The Boise State University student project, calledS.A.M.E. (Students Against Misogynistic Establishments), focused on combating violence against women by targeting at-risk men who might be recruited to misogynistic and male supremacist hate groups perpetuating and normalizing violent misogyny.  The group was declared the winner of the top prize of $5,000, after competing at a live event in Washington, D.C. against two other student groups from the University of Maryland (College Park) and the University of Nebraska (Omaha).

“We were seeing a problem on our campus and in our community, where misogyny and violence are acting as a gateway to other forms of extremism which were growing and needed to be confronted,” said Janice Witherspoon, 21, one of the student project leaders of S.A.M.E. “We’re seeing that people are starting to take the issue more realistically, and we hope to take our mission to a national level, combating this on other campuses and communities across the country.”

ADL: Innovate Against Hate challenged students to implement a big idea that will confront and respond to the growing campus presence of hate groups or counter bad speech with good speech.

“I have seen similar programs dedicated to countering extremism, but in this era of heightened hate and bias across a broad spectrum of ideologies, it demanded a broadened scope – and these students rose to the challenge,” said George Selim, Senior Vice President of Programs at ADL and former national security official. “It is critical that issues like misogyny receive more attention for their role in a broader spectrum of hate and extremism. We are also inspired by the results of the other student campaigns, including the other two teams who countered bias against immigrants and refugees.”

The program was developed in partnership with EdVenture Partners (EVP), an educational organization that has 28 years of experience developing innovative industry-education partnership programs, and Facebook, which provided advertising credits for student teams and Fariba Yassaee, Facebook Policy Manager, served as a member of the judging panel for the final challenge.

Other judges included: Imam Magid, Executive Imam of All Dulles Area Muslim Society (ADAMS) Center in Sterling, Virginia; Ron Estrada, Senior Vice President of Corporate Social Responsibility & Community Empowerment for Univision Communications, Inc.; Ashley Bell, Founder and Chief Executive Officer of 20/20 Bipartisan Justice Center; Amy Blumkin, Vice President of Brand and Marketing at the Anti-Defamation League; and Sally O’Brien, Senior Vice President of Institutional Partnerships at The Pew Charitable Trusts.

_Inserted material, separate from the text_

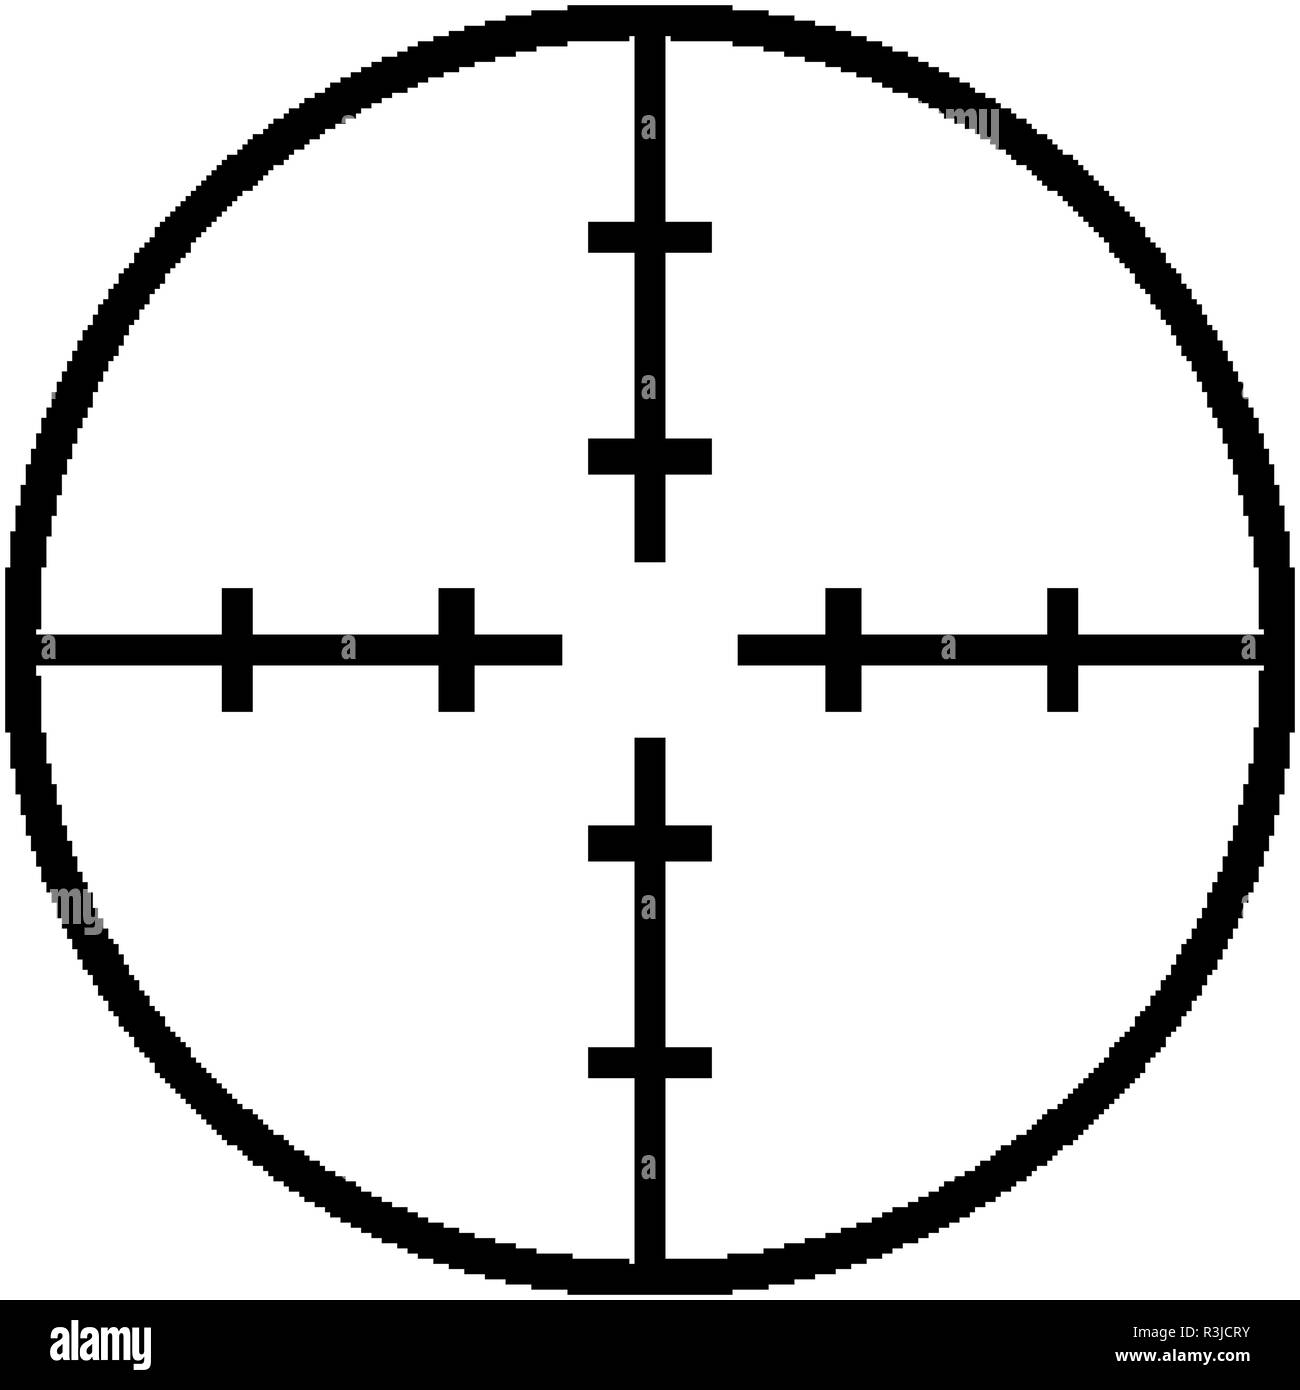 Sniper scope crosshairs thin icon set. Isolated rifle gun target Stock Vector

The semester-long challenge for student teams was comprised of 19 schools countering hate online and in their local communities, culminating in the top three teams competing in a final challenge, hosted by New America.

ADL: Innovate Against Hate is designed to empower the very people effected most by hateful content on social media—young people—to be the catalysts for a student-led wave of creative messaging and innovation in response to the hate and extremism they see in communities across the country.